The formal kickoff was held this morning at Hardy Middle School in Washington DC. Present at the event was NASA Administrator O'Keefe, his senior staff, Florida First Lady Columba Bush, and hundreds of excited kids.

According to O'Keefe "NASA leads the most ambitious exploration and scientific research efforts in history. It's a legacy that is in jeopardy unless we find innovative ways to get students and the entire education community excited about mathematics and science. We believe the Educator Astronaut Program will help us fulfill our mandate to inspire that next generation of explorers."

NASA's next teacher in space (the proper term is now Educator Mission Specialist) Barbara Morgan encouraged students to "C'mon up!
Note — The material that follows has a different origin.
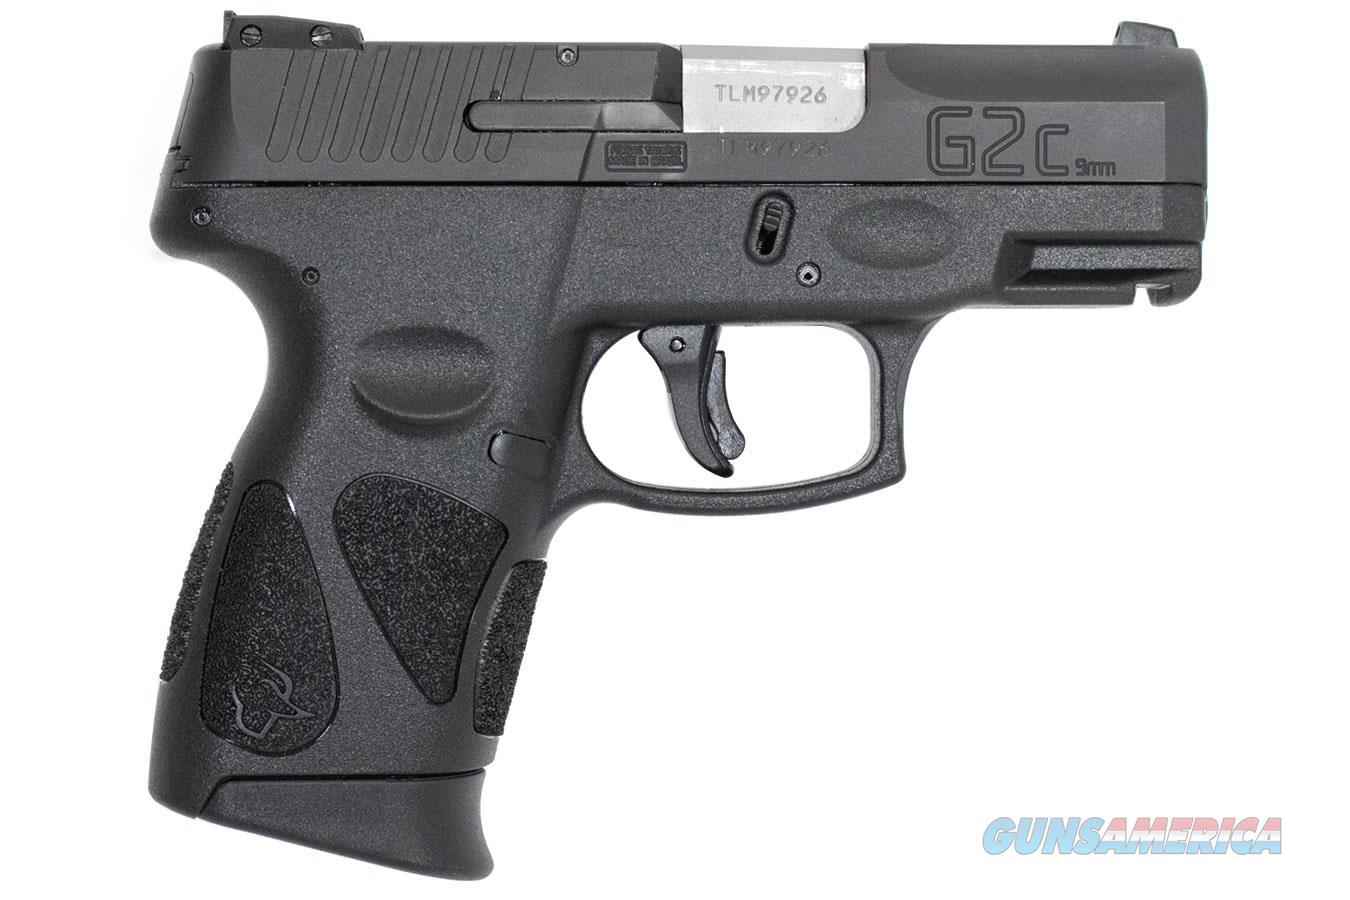 "Taurus PT111 G2C Compact Semi Auto Pistol 9mm Luger 3.2"" Barrel 12 Rounds Double Action Only 3 Dot Sights Black Slide/Black Polymer Frame. NIB !!!  Guns > Pistols > Taurus Pistols > Semi Auto Pistols > Polymer Frame"

Any one of you students could go to Mars - or be part of team that directs those missions. We ask you students to join us and think about coming to work at NASA."

Recently appointed Associate Administrator for Education Dr. Adena Williams Loston will manage the Educator Mission Specialist selection program in at NASA Headquarters. She said "Educator Astronauts will be able to provide a direct connection between America's teachers and students, and the various careers and opportunities associated with space exploration through the Nation's aerospace program. Education has always been a part of NASA's mission, and we have renewed our commitment to get students excited about science, technology, engineering and mathematics again".

NASA will not be the "Alpha and Omega" on this according to Loston and already has a number of partners lined up to help. They include the Department of Education, the National Science Foundation, the Challenger Center, and a number of professional organizations and industrial partners.

Later, in a teleconference with reporters, Loston went into greater detail about the program. The budget will be $2 million - $1 million from existing funds and another $1 million in new funds.

While she hesitated to anticipate how many teachers would respond, Loston noted that the last call for applications in the 1980's resulted in 12,000 applications and that she was hoping for similar success this time.

Loston expects to eventually select 3 to 6 educator mission specialists. According to Astronaut Kent Rominger, NASA would like to try and fly the first Educator Mission Specialist in late 2005 / early 2006 - and then fly at least one a year thereafter. Given that selectees will be fully-fledged mission specialist astronauts (i.e. trained with multiple skills), they will be rotated onto flight assignments in a fashion more or less identical to that used for current astronauts.

When asked how NASA will capture the interest expressed by applicants who are not selected, Loston noted that a wide interaction will be in place with NASA's existing educational activities such that these people will be used as part of ongoing activities.